But I am wondering why there is no input-port for the new data? Did I get something wrong? Where can I bring in the new data on which I would like to apply the model on?
Similar Nodes like the “Random Forest Predictor” do have 2 Input-Ports, one for the model, one for the new data. So whys the difference here, how it is supposed to be applied?
Not my area of expertise, but the SARIMA Predictor uses the model created by the Learner and projects it forward the selected number of periods. This works differently than a numeric model.
thank you for your answers and your hints. Unfortunately I still have no clue how to solve this problem.
This is a screenshot of my created Workflow with the model which is working fine:
Since I want to apply it on new data, i stored/worte it into my personal folders with the Model writer.

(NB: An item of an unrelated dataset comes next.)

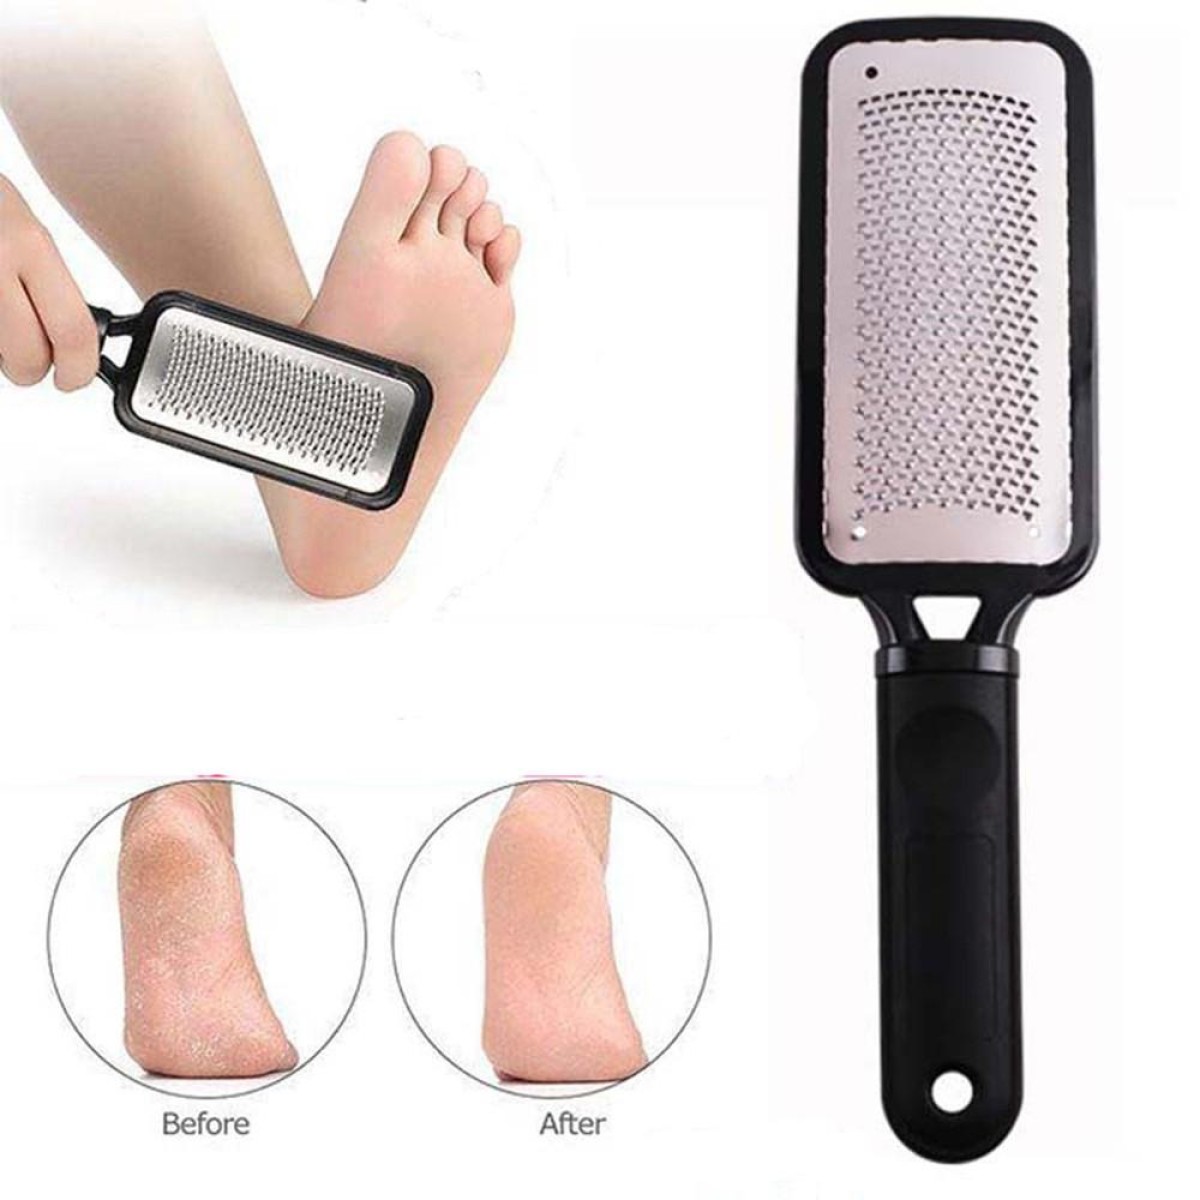 Stainless Steel Foot Pedicure Callus Remover Hard Dead Skin Scrubber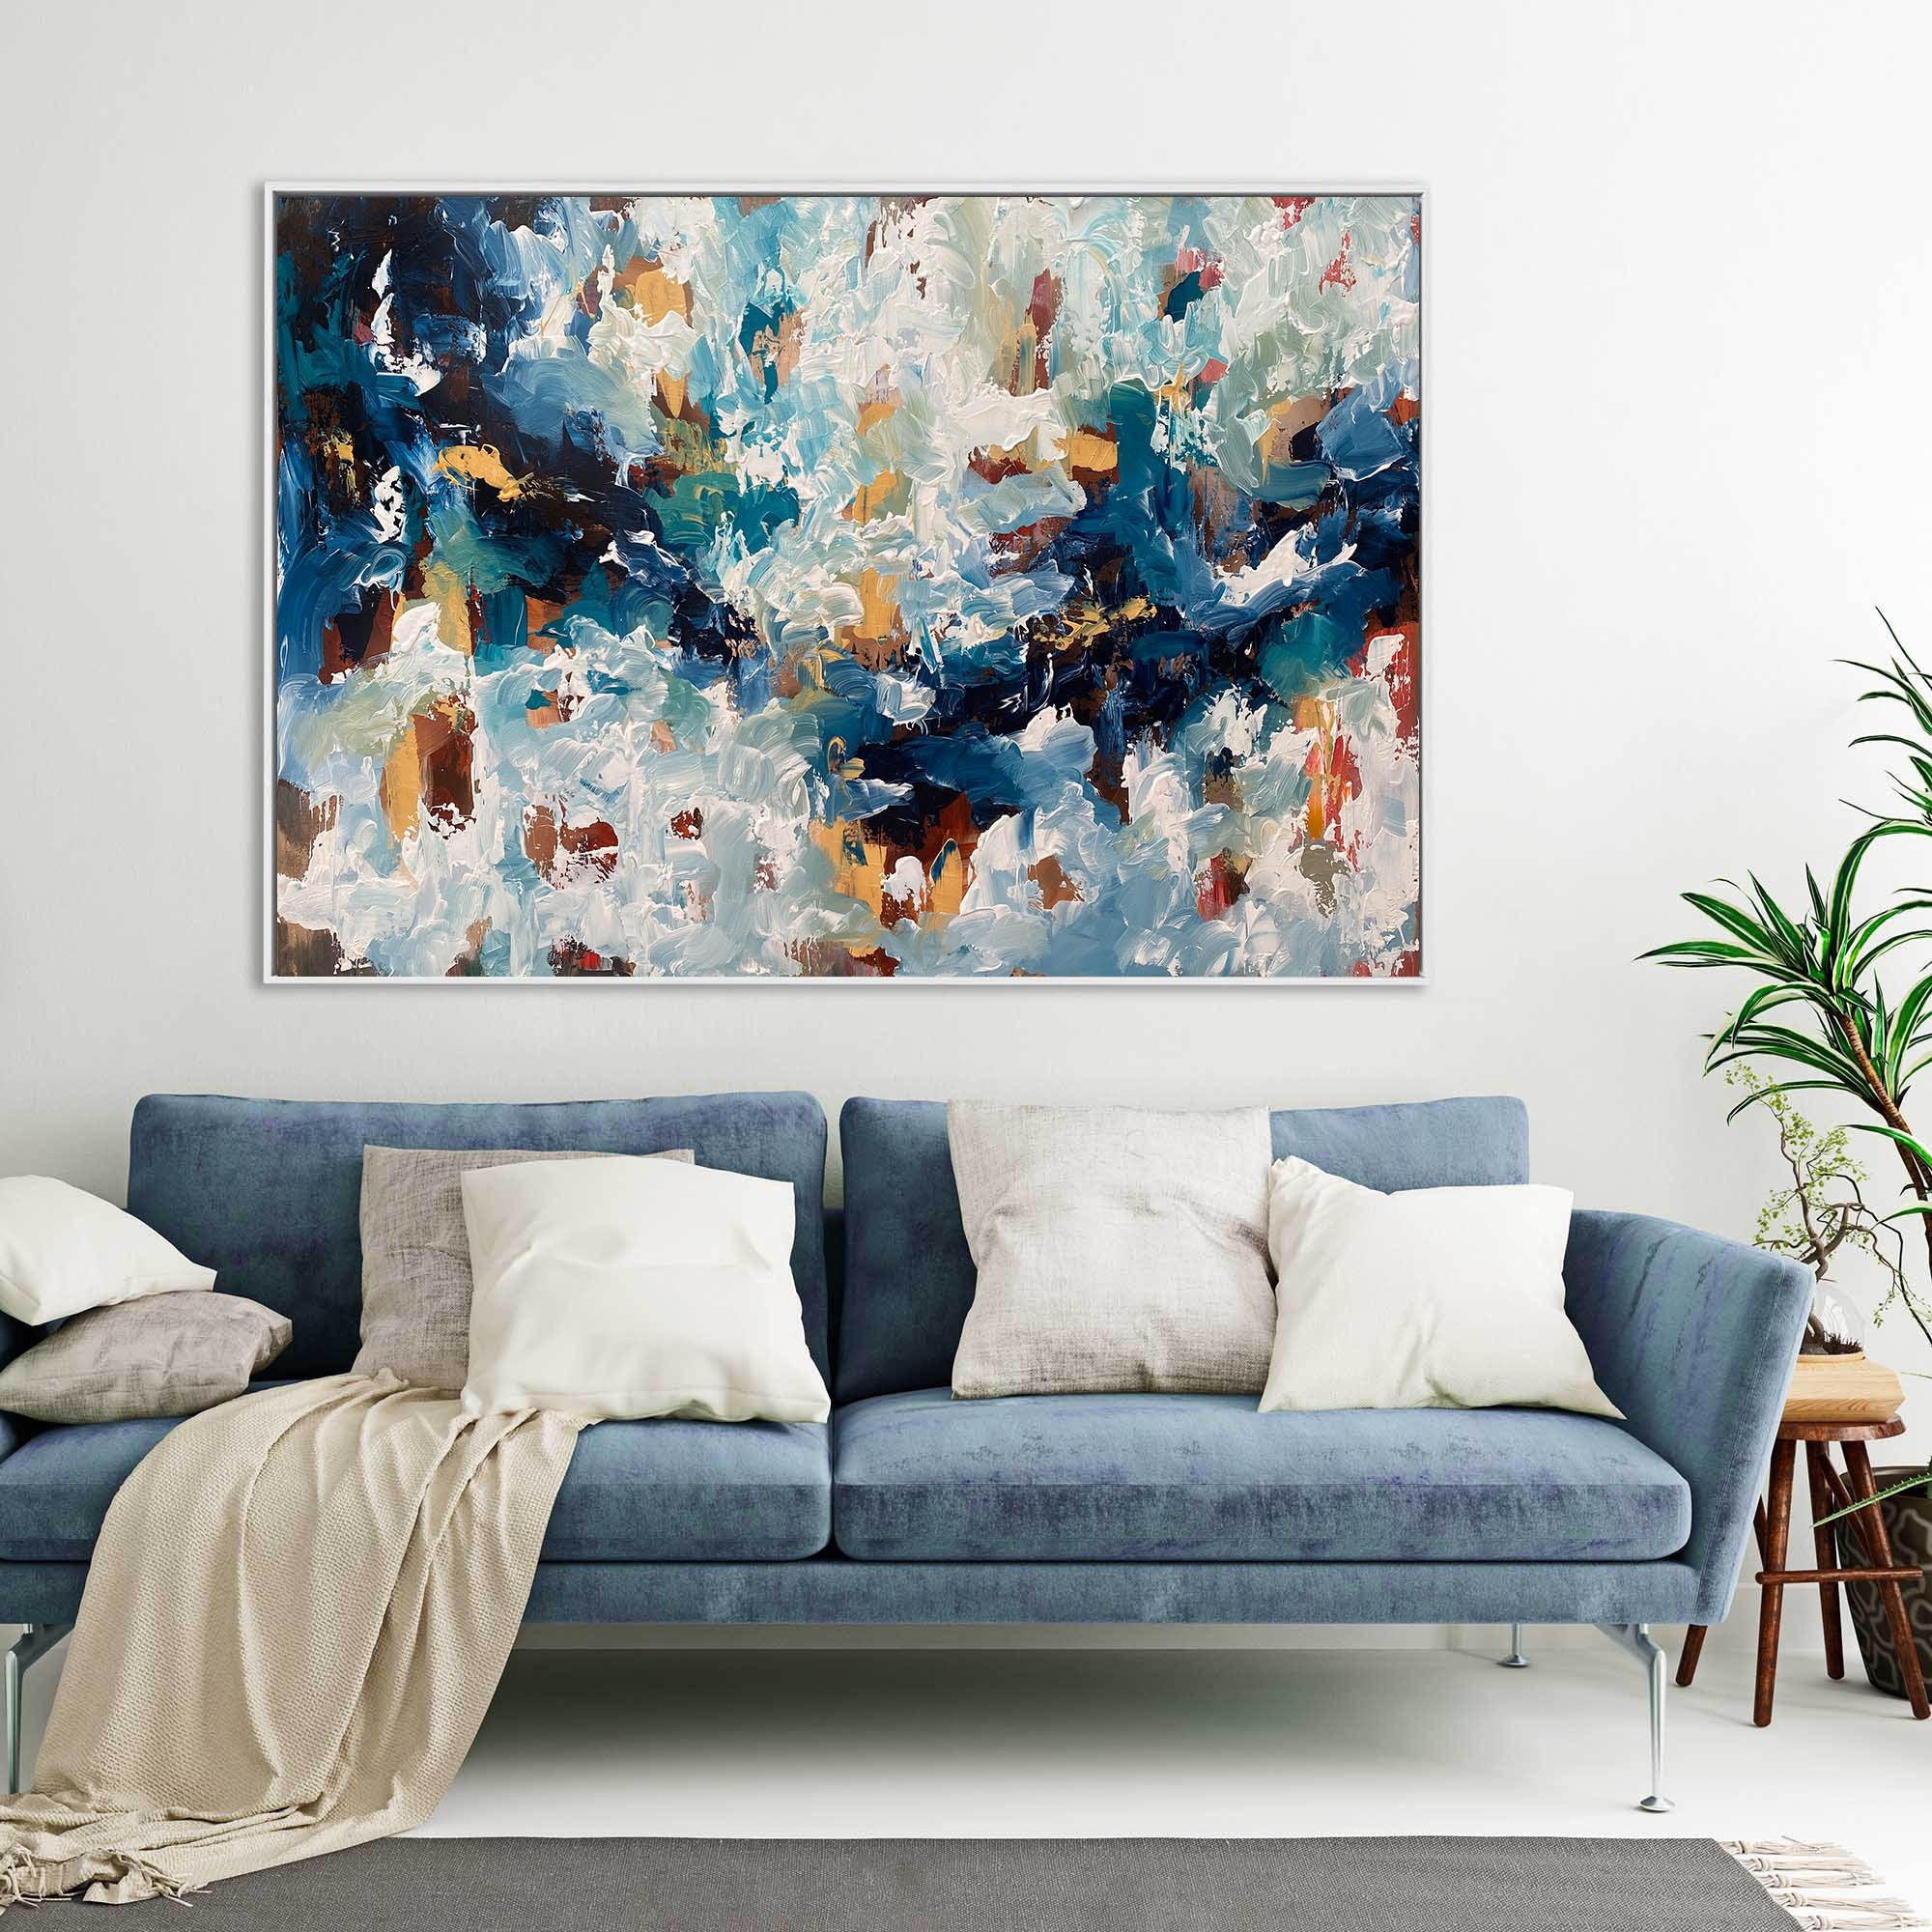 http://abstracthouse.com/cdn/shop/collections/Large_Abstract_Painting_Above_Sofa_In_Living_Room_copy_3a69eb0b-be42-4d7b-aa3e-13c33492d0cd.jpg?v=1654609365&width=2048

Then I created a new workflow and read the model into it:
As you can see, there is no possibility to apply new data to the created model.
There is something I’m getting wrong since there is no Input-Port for new data in the SARIMA-Predictor. Here s a screenshot of Corey Weisingers Workflow. As you can see, there is no input port for additional data, only for the model:
The way I understand time series and SARIMA is that it picks up on the patterns / seasonality of your training data and then allows you to forecast x periods into the future.
So in comparison to decision trees you are not really applying a model to unseen data…
If you wanted to test how well SARIMA works / want to optimize parameters you may go ahead and train a model only on a portion of your data, then forecast until the end of your available data to then compare. Once happy we with the outcome you then train on all data available and then forecast for the “unknown” future.
I already thought about creating a model with the new data as Plan B. I had the same idea, but just was curious about how it was supposed to be solved in an “professional” way.
Maybe this is already the way it is supposed to be, like you have written, “not applying a model to unseen data in SARIMA”.
And - crossvalidation is included in the model of course.
I wrote the script behind the SARIMA (Labs) nodes. SARIMA models are more of the type of Auto-regressive models. It learns from a regression data, computes the coefficients, and the final equation is use to create “Forecasts”.
As part of the feedback that we (Me & @Corey) got from some of the industry experts was to apply the coefficients on a new set of data, however, this method is least preferred, considering the fact that the dynamics of new data are highly likely to be not the same as of the data for which the coefficients were computed.
As it is mentioned above, the only workaround is to train a new model with the new data. Please feel free to provide your ideas on improving the nodes from the new time series extension, by posting on the forum and we will incorporate it in the future releases.
Hi @aliasghar_marvi,
wow I’m so excited and honored again to get feedback and help from the experts/architects of the knime-nodes.
Thank you very much for your explanation. I already went on with the “workaround” (which in fact isn’t one) and results are good (and way better than the solution/results we had before). I was just curious about how it is supposed to be solved but I’m happy now since I know that this “workaround” is the right way.
I’m really excited about KNIME and the support one can get in this forum, thank you very much <3.
Of course I’ll try the new time series extension nodes.